Remember: ‘Nobody Knows Anything’

When making predictions about the housing market in the coming year(s), it is helpful to recall the comment Oscar-winning screenwriter William Goldman made about his Hollywood peers: “Nobody knows anything.”

Like Hollywood, what drives the housing market is somewhat mysterious. Only a prescient handful bet against the market before the crash in 2008-09, and few predicted the runup in home prices when the Covid-19 pandemic hit. From the first quarter in 2020 to the fourth quarter of 2022, median home sales price rose 46% from $329,000 to $479,500, according to the St. Louis Fed. In some cities, those jumps were even higher, but are now coming back to earth. 

Business Insider listed 11 cities where home prices have fallen the most from the end of 2023 to 2024, and the list will look familiar to those who have watched the exorbitant price hikes over the past several years. They include biggest loser, San Francisco, down 10.9% to a median of $889,500; Miami, down 9.9% to a median of $522,500; Austin, down 7.7% to $498,500; Tampa is down 6% to a median of $395,000; and Phoenix, which saw one of the biggest pandemic bumps, saw median prices fall 5.1% to $499,995.
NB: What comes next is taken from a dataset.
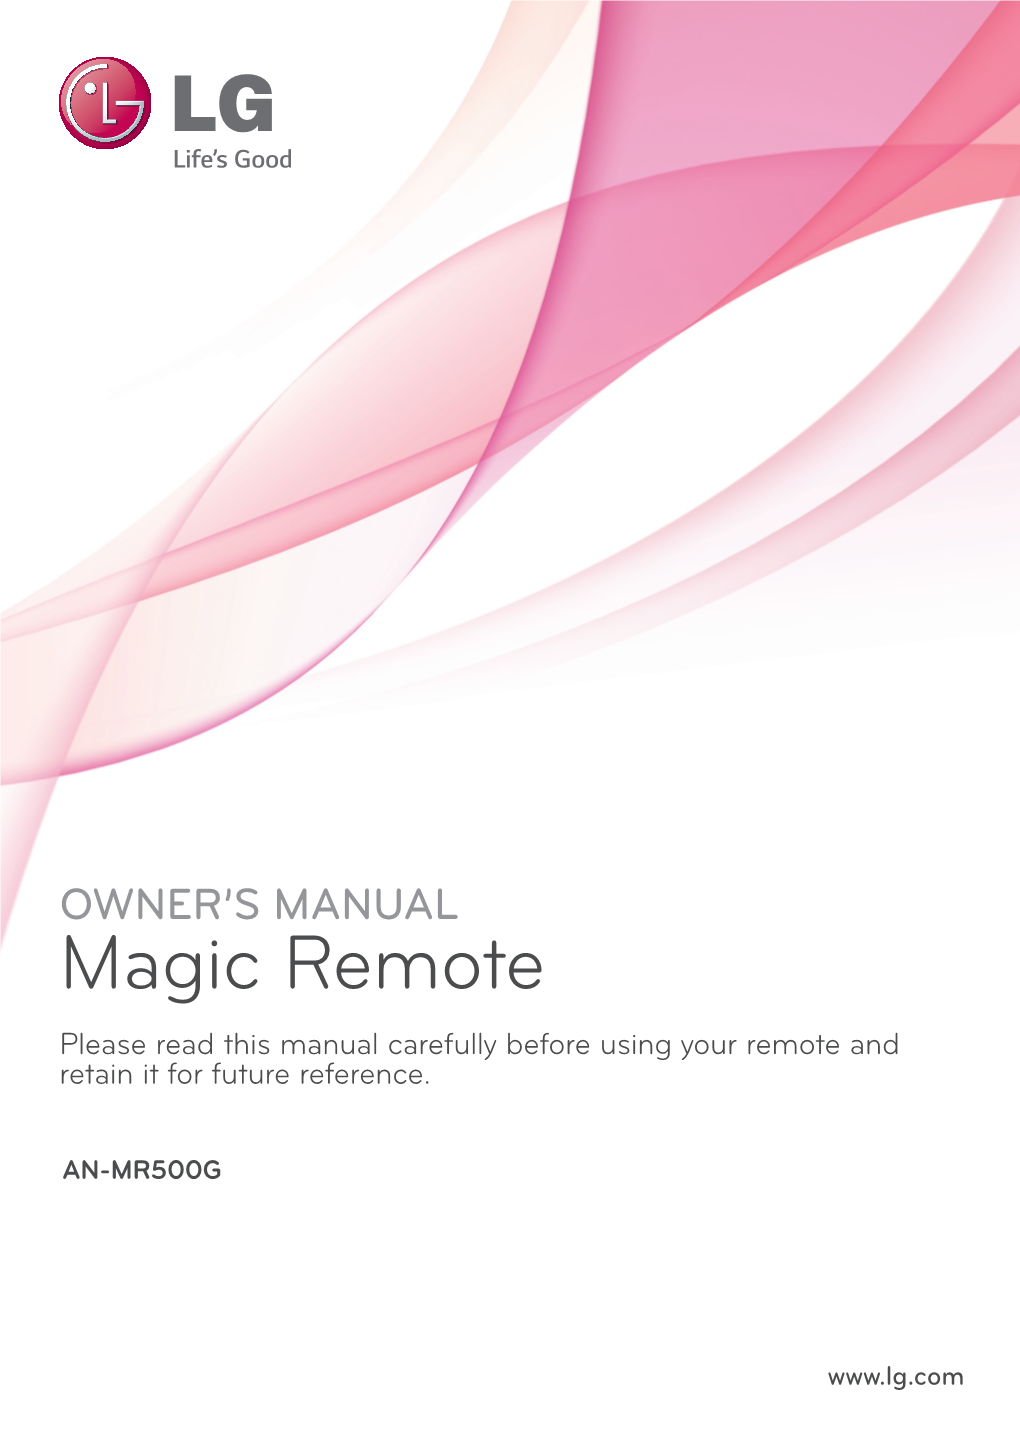 Magic Remote Please Read This Manual Carefully Before Using Your Remote and Retain It for Future Reference
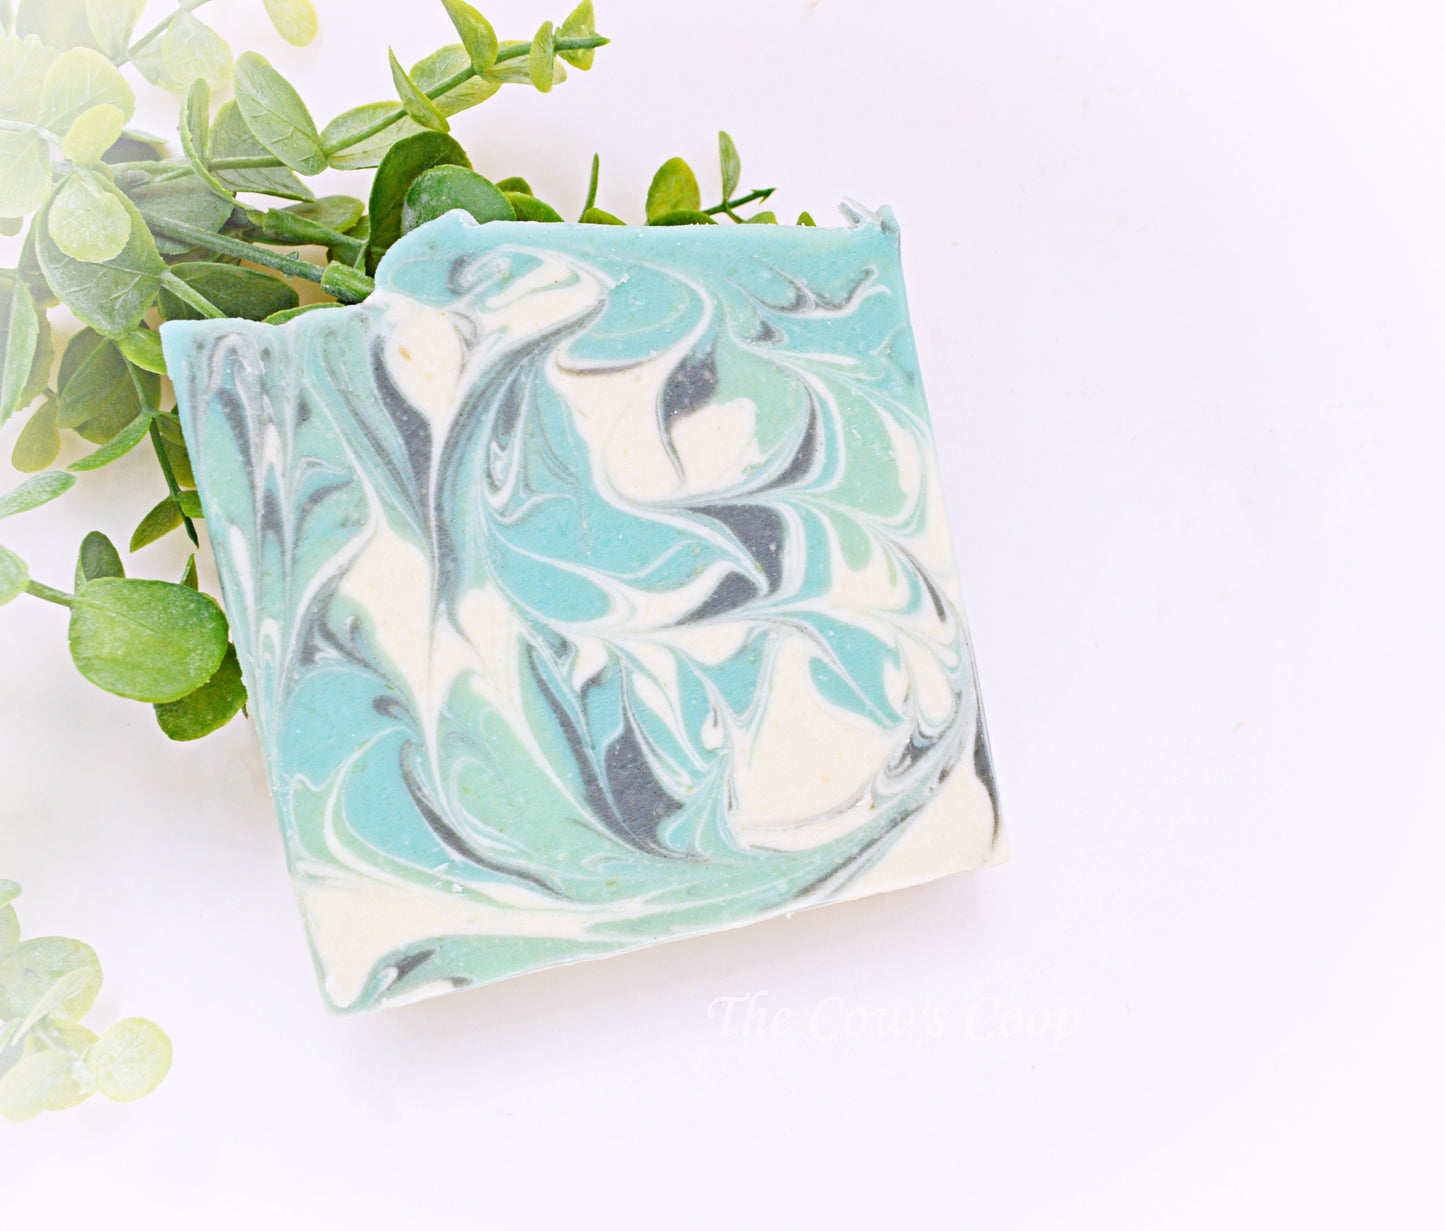 Northern Country Girl (Crisp Cotton and Sweet Pea) - Cow Milk Soap

There are other data points that paint a troubled picture:

  • Mortgage applications have dropped by 63% since their pandemic peak, surpassing the declines seen during the 2008 financial crisis, according to Mortgage Professionals of America (MPA). 

  • Compared to pre-pandemic levels, applications are down by 52%.

  • Nearly 73,000 homes were pulled from sale after they failed to find a buyer in the final month of last year, Corelogic data shows.

  • December saw 1.15 million U.S. homes on the market, a 16% increase from a year ago, according to the National Association of Realtors. But demand has been week.

  • Existing-home sales (4.06 million) fell to the lowest level in nearly 30 years, while the median price reached a record high of $407,500 in 2024, the NAR reported.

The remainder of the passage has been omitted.